Obviously the damage was enormous especially for Japan. Firstly, it is an island. Secondly, it is considered one of the world’s leading technological countries. A significant number of dead, missing, homeless and evacuated people, the risk of the nuclear plant explosion, collapsed buildings, the closure of plants and many other damages have had their own effects not only on Japan, but also on the world. These effects are more visible in the economy. The reason is simple: today’s world is becoming more and more familiar with Globalization, the process by which regional economies have become integrated to a global economy.
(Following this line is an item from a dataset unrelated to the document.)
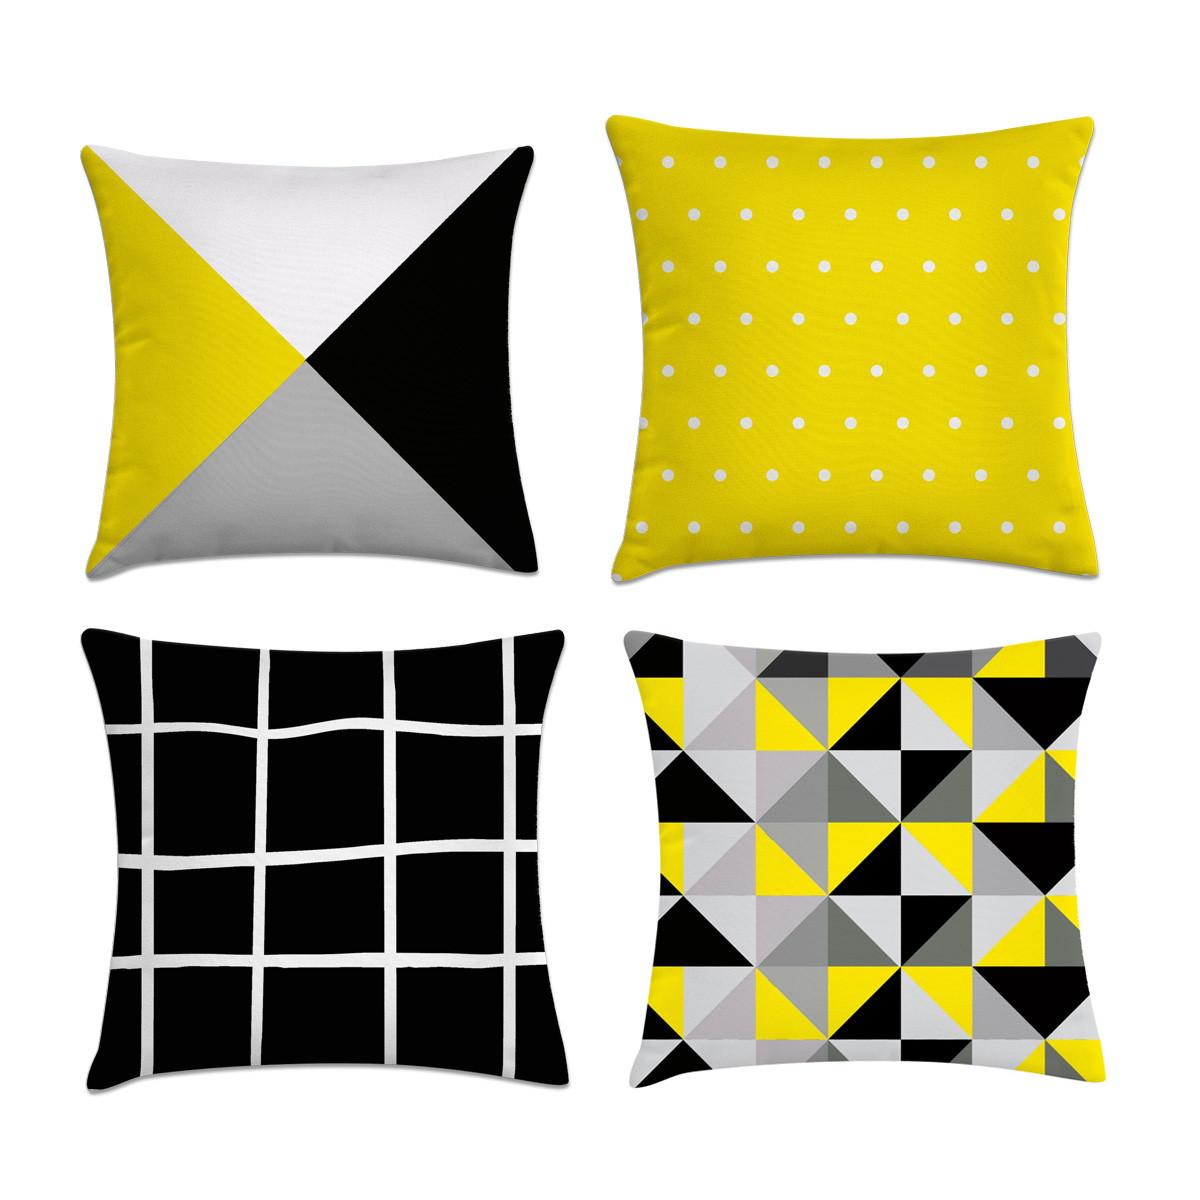 44877c316f03a0 Kit 4 capas de almofadas cinza amarelo e preto

The aim of this essay is to discuss the major economic effects of the earthquake and tsunami to Japan and to the world’s economy.
Effects on Japan economy
Considering that this essay discusses the major effects of earthquake and tsunami on world’s economy, it would be unreasonable and illogical not analyzing the effects on Japan’s economy. Unfortunately the earthquake hit the home of auto manufacturing and semiconductor factories, destroying not only the factories but also the raw materials leading to a suspension of the working process in many autos manufactures such as Toyota, Mitsubishi and Nissan. A large responsibility for the reconstruction cost will be on the shoulders of local authorities and government, which lately has been struggling to recover its public debt figures. Ironically the earthquake and tsunami could increase debt load figure up to 10% of GDP (Brandimarte. W, 2011).
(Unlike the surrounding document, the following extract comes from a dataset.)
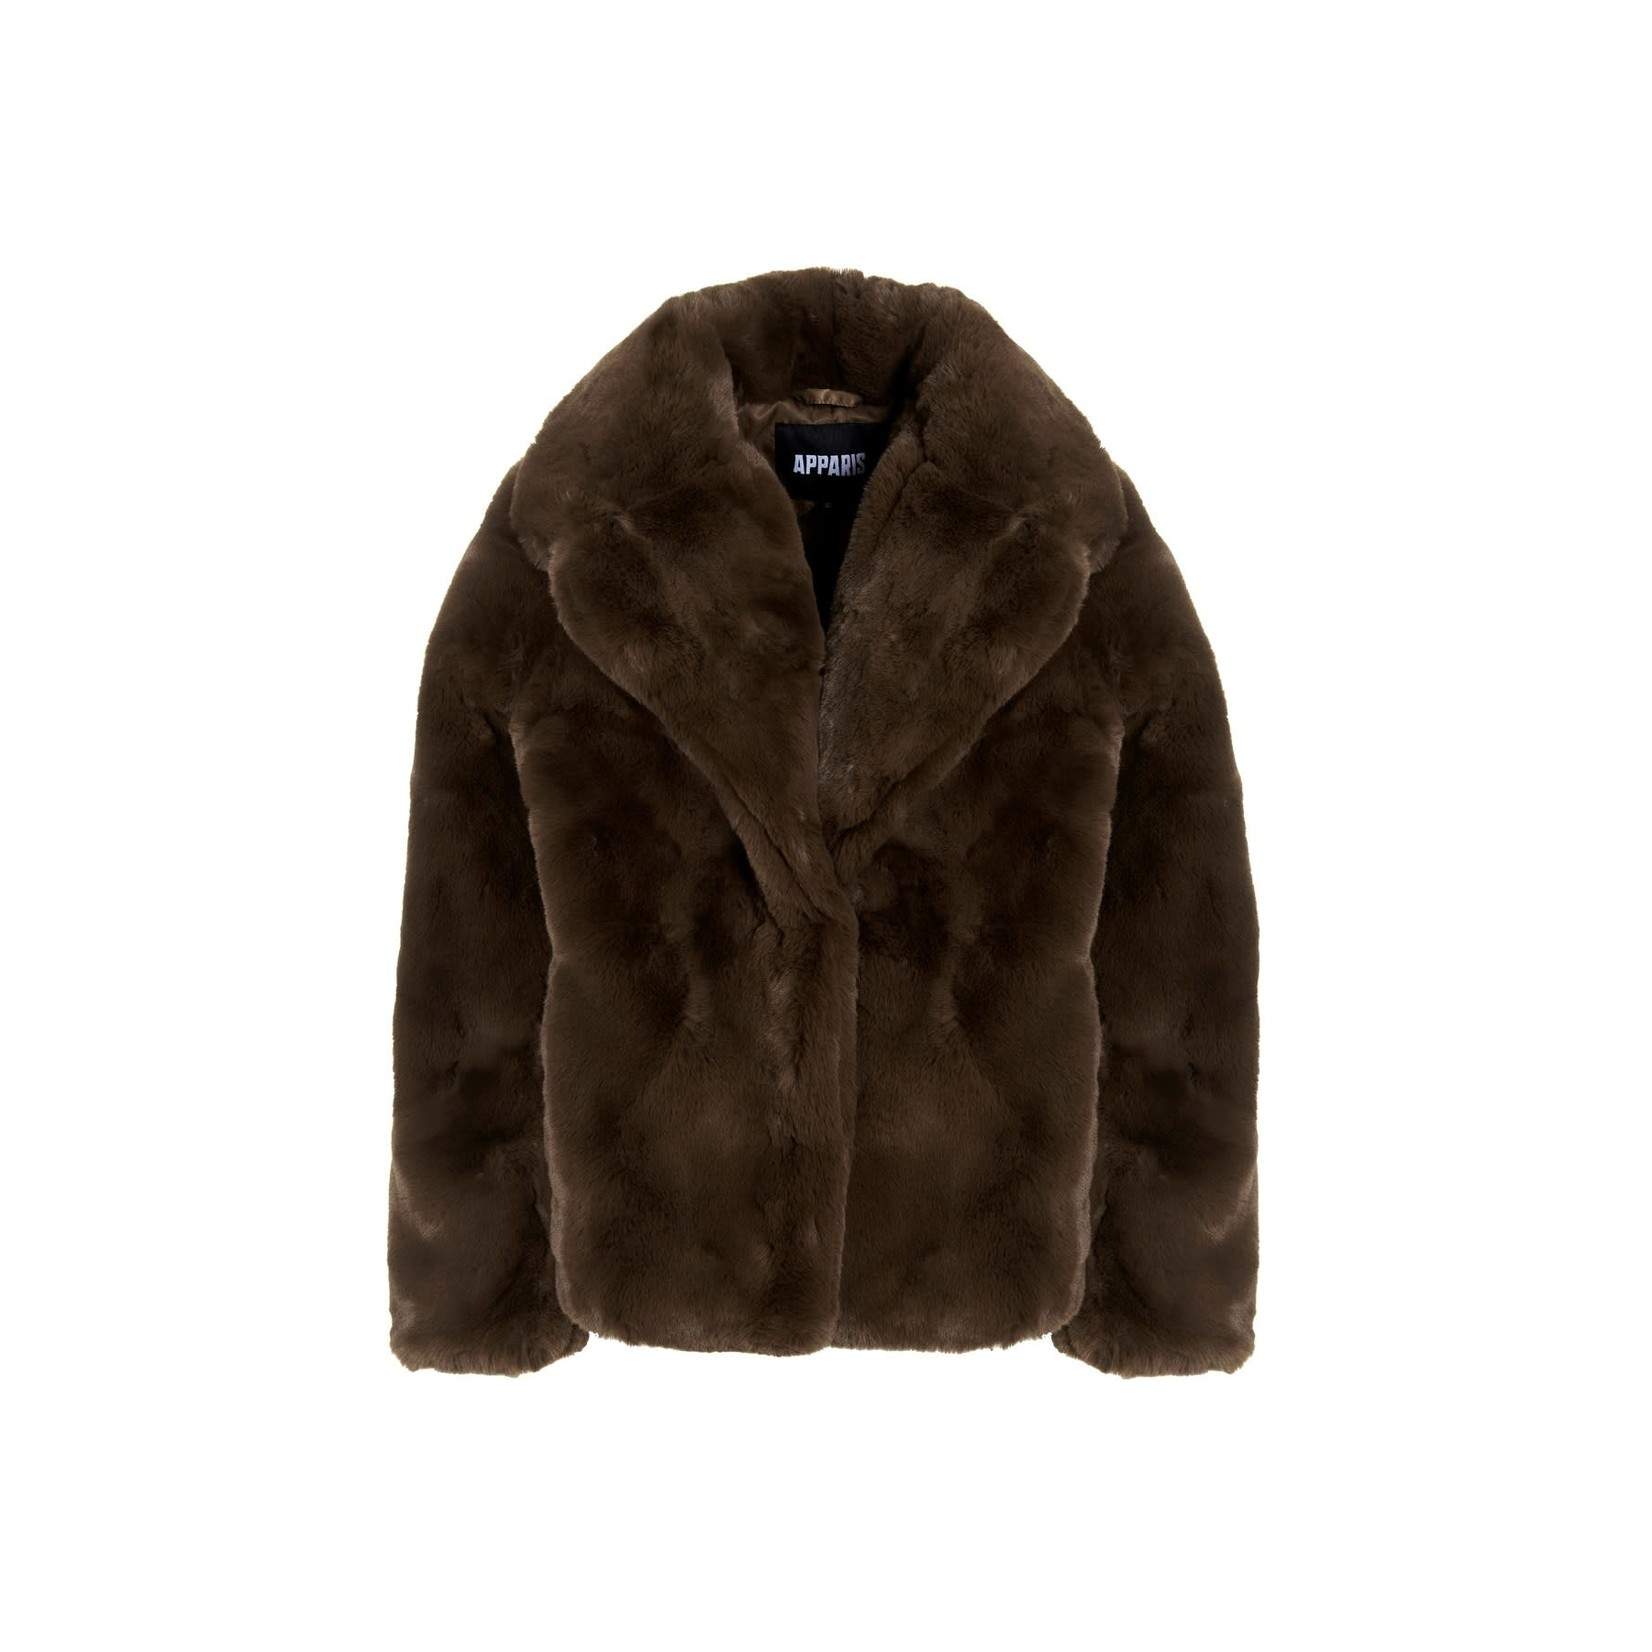 Apparis Milly Jacket

Besides the public debt concern, Japan has to face its currency (Yen) problem. It is often claimed that a strong currency is an indicator of a good economy. Actually the truth is that a strong currency has a bad impact in exports and it damages the ability of the exporter to compete in world market. Owing to the natural disaster, Yen started rising again because there was more possibility that company would send their funds back home. In order to control Japanese Yen, Bank of Japan is using the Quantitative Easing policy (QE), by which the bank creates new money (Pym. H, 2011). Likely this new money will not only calm the destabilizing market and the banking system but it will also stimulate the economy. However, a coin has two sides and controlling the Japanese Yen is just one side of the coin (QE policy). The other side of the coin is a threatening inflation, caused by an increase in money supply and a decrease in its value.
A growing Economy
Apart from the devastating damage, stressing the world’s third largest economy, it is believed that the earthquake and tsunami could have a positive impact in Japan’s struggling economy. The economic problems concerning Japan before the tsunami, which were mentioned in some previous points in this essay, such as a high budget deficit, a large public debt, the increasing contraction of economic activities just in Tokyo area, its trouble banking system. However, Marcus Noland, an Asia expert for The Peterson Institute for International Economics, sees the natural disaster as a kind of stimulus for Japan economy (Mcclatchydc.com 2011). Definitely, the awake of Japan concerning the economy is connected with the long-run as it is impossible to boost an economy in the short-run, especially after being hit by a mammoth wall of water.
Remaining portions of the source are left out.